Thanks to our finding a stable power meter, Dean and I were able to calibrate the liquid crystals on the multiphoton microscope. We made a little sculpture surrounding the detector and the rotatable polarizer (Fig. 1). The detector of the power-meter is a lightweight shaft with the sensor out at the end. This needed to be kept still. The polarizer has to perch on top, co-planar, and steadily enough that I can rotate it as needed from 0, to 45, 90, and 135 degrees. To fashion a platform for the polarizer, we stacked microscope slides on either side of the detector. The sculpture was stable. We calibrated, finding clear minima for all settings. 
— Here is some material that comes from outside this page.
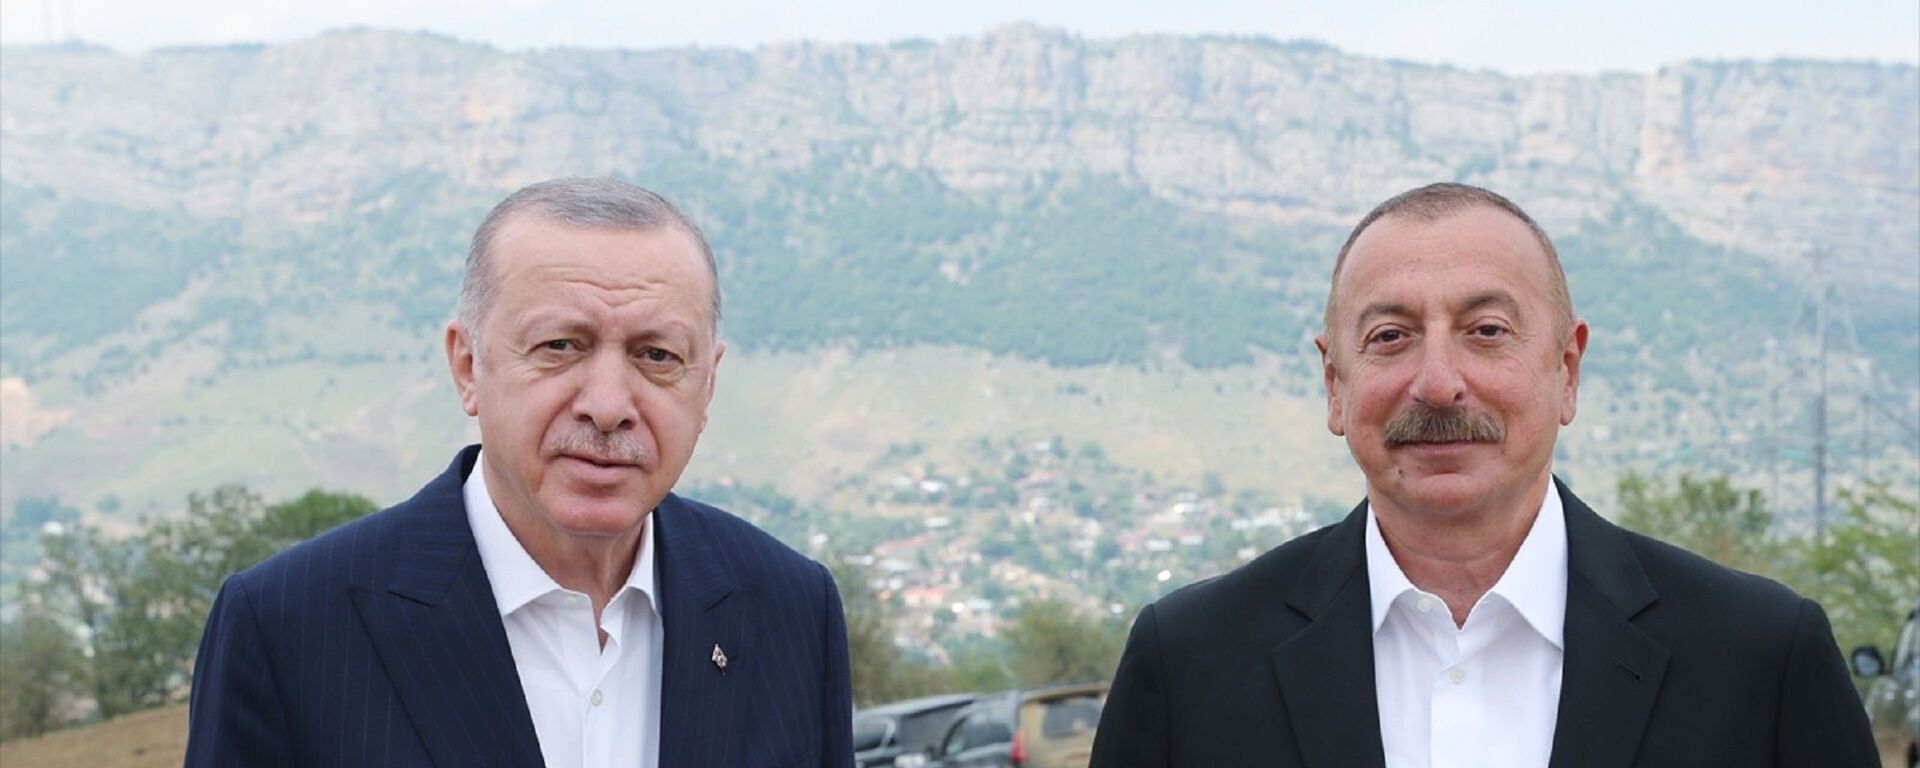 Türkiye Cumhurbaşkanı Recep Tayyip Erdoğan, Dağlık Karabağ'ın Şuşa şehrine geldi. Erdoğan, burada Azerbaycan Cumhurbaşkanı İlham Aliyev ile sohbet etti. - Sputnik Türkiye, 1920, 18.06.2021

When we started to image, the fun (and yes, I mean the “fun”) began. We were imaging celery xylem stained with Calcofluor. Because the xylem ribs are large, stain brightly, and are known to contain cellulose running parallel to the rib, they are a good standard sample. On the confocal previously, I imaged this material stained with fast scarlet or congo red. But now on the multiphoton, the screen was blank. The equipment guts are complex, many bits of hardware and software to set. Dean carefully went thru feature after feature; eventually, he discovered a wrong optical element inserted in the system somewhere. This explained why the total power during calibration had been so low; we were getting only a few percent of the expected power onto the sample. With the correct element in place, at last there was a signal.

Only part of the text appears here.